## Requirement
Only one span of the listing below is wanted: the lines from the one with "Wallpaper geometric pattern" through the one with "SHE Flip In-System", reproduced exactly, both ends kept.

## Data records
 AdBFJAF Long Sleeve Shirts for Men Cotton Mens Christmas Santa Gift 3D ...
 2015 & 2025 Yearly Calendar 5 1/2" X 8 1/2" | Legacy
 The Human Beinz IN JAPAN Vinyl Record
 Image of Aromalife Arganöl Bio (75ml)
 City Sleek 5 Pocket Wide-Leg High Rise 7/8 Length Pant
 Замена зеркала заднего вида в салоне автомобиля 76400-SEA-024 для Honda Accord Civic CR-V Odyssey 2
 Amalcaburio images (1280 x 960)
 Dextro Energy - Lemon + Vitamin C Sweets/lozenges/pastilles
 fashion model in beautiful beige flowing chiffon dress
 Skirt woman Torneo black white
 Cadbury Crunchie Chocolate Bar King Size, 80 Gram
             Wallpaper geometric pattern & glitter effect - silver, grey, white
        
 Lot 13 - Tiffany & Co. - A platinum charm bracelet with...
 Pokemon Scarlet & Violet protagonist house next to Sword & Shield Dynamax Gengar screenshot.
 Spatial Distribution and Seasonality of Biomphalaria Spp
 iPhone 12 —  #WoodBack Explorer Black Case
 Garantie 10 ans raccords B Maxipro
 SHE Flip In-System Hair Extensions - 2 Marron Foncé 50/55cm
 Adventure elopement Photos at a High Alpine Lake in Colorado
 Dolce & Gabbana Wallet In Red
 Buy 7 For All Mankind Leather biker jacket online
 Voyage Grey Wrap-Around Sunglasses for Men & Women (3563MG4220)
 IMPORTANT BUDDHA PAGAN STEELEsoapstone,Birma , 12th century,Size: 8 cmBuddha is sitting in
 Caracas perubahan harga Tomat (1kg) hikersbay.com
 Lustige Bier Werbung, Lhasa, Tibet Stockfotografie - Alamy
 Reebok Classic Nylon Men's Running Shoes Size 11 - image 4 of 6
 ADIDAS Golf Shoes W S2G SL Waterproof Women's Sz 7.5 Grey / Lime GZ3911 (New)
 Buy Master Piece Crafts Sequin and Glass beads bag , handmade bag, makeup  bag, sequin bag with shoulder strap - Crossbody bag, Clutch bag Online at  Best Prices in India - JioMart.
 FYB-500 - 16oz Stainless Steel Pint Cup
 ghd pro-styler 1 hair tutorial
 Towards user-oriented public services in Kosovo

## Response
             Wallpaper geometric pattern & glitter effect - silver, grey, white
        
 Lot 13 - Tiffany & Co. - A platinum charm bracelet with...
 Pokemon Scarlet & Violet protagonist house next to Sword & Shield Dynamax Gengar screenshot.
 Spatial Distribution and Seasonality of Biomphalaria Spp
 iPhone 12 —  #WoodBack Explorer Black Case
 Garantie 10 ans raccords B Maxipro
 SHE Flip In-System Hair Extensions - 2 Marron Foncé 50/55cm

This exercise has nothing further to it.